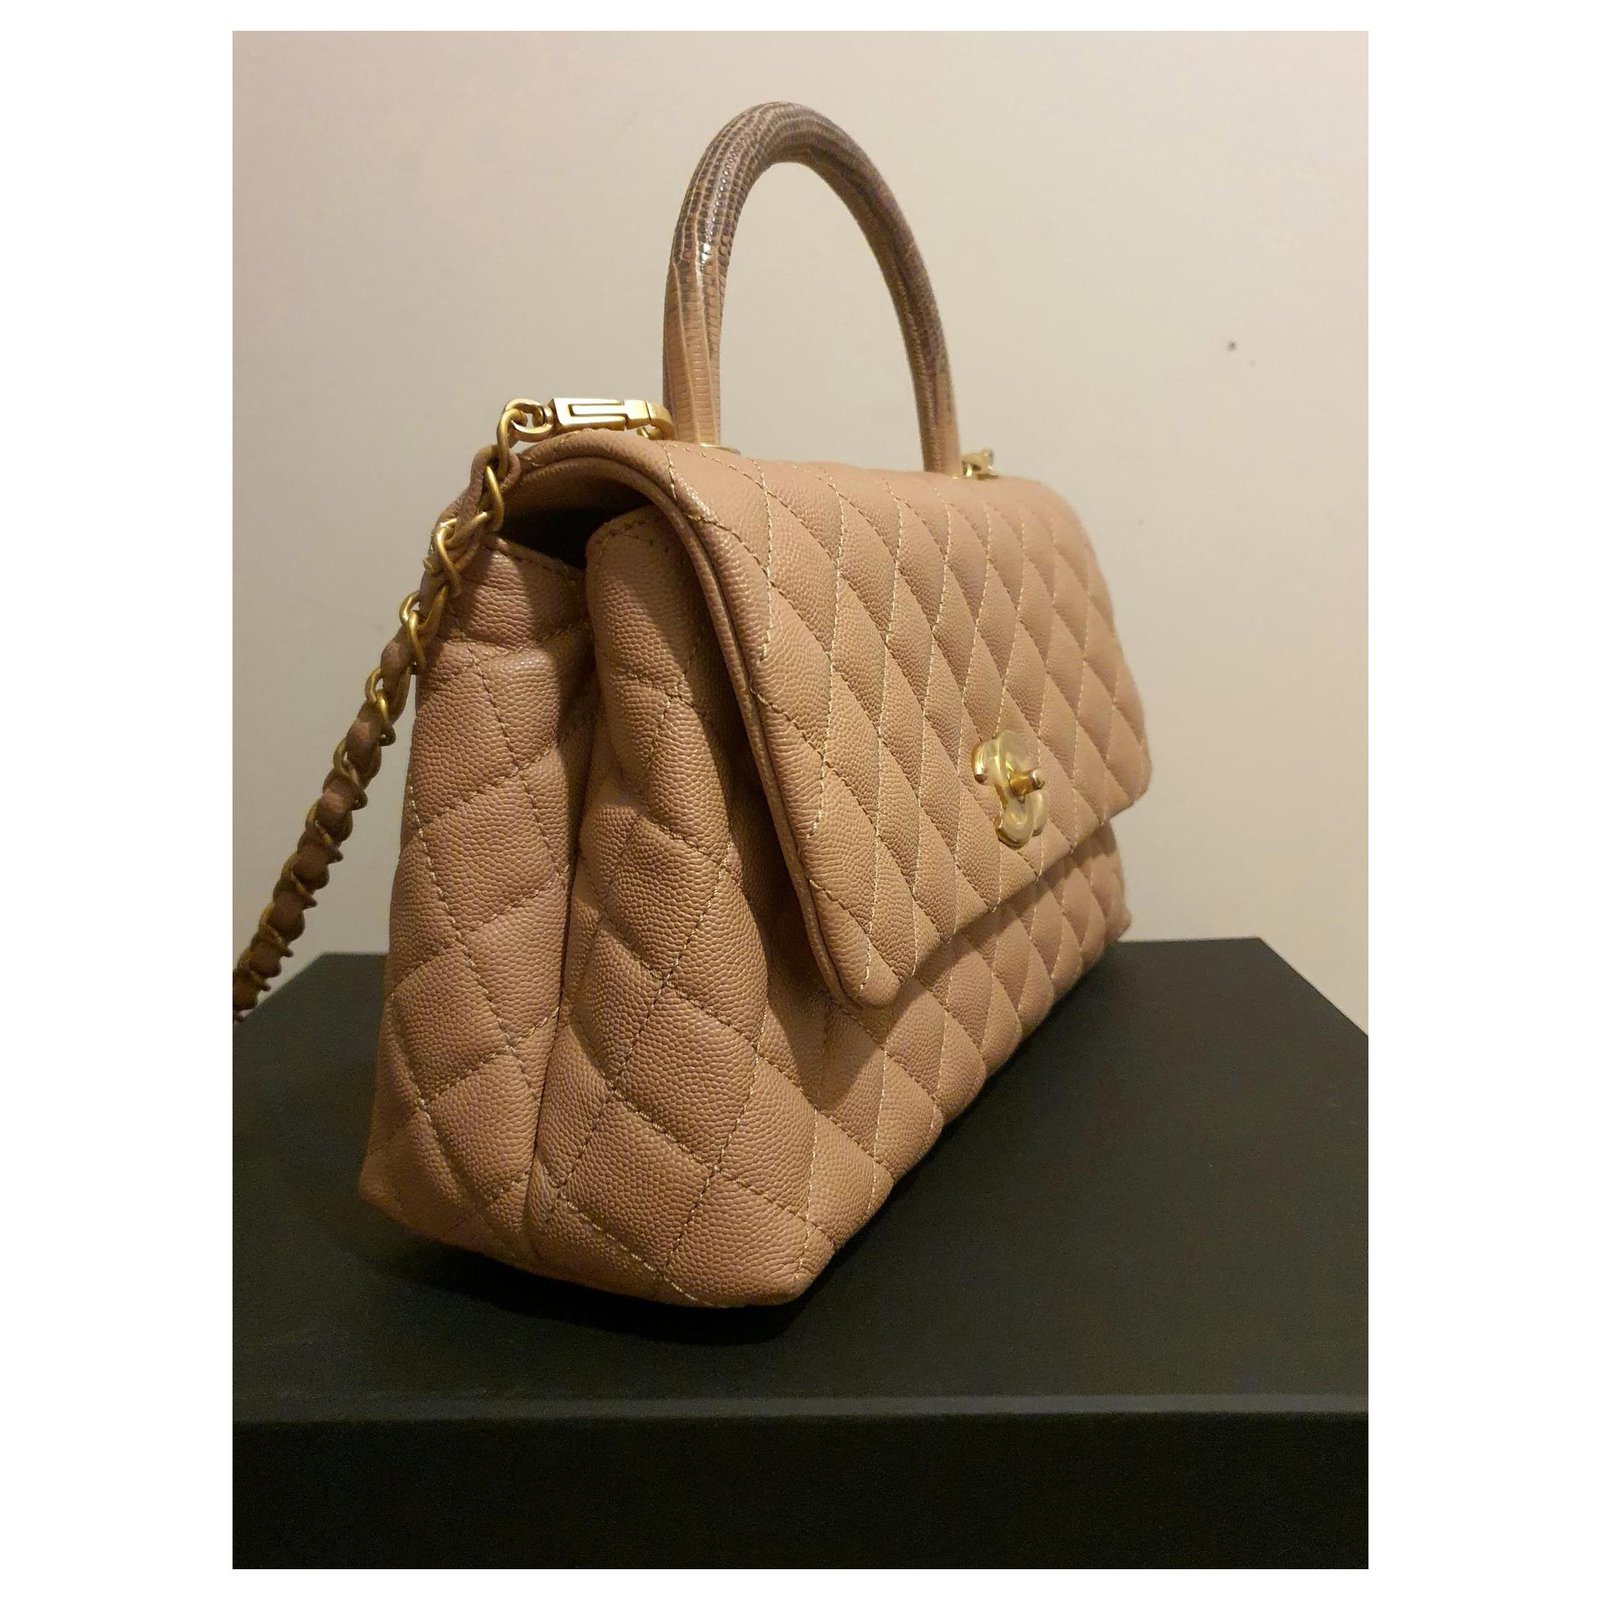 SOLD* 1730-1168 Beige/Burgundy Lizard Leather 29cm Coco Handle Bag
--
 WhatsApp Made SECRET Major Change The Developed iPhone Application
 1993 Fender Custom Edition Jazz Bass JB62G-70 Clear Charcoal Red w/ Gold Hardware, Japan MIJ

* [TASK REQUIREMENTS]
The required output is every line above from the one with "WhatsApp Made SECRET" down to the one with "1993 Fender Custom", restated word for word, ends included.

* [ANSWER FOR THE TASK]
 WhatsApp Made SECRET Major Change The Developed iPhone Application
 1993 Fender Custom Edition Jazz Bass JB62G-70 Clear Charcoal Red w/ Gold Hardware, Japan MIJ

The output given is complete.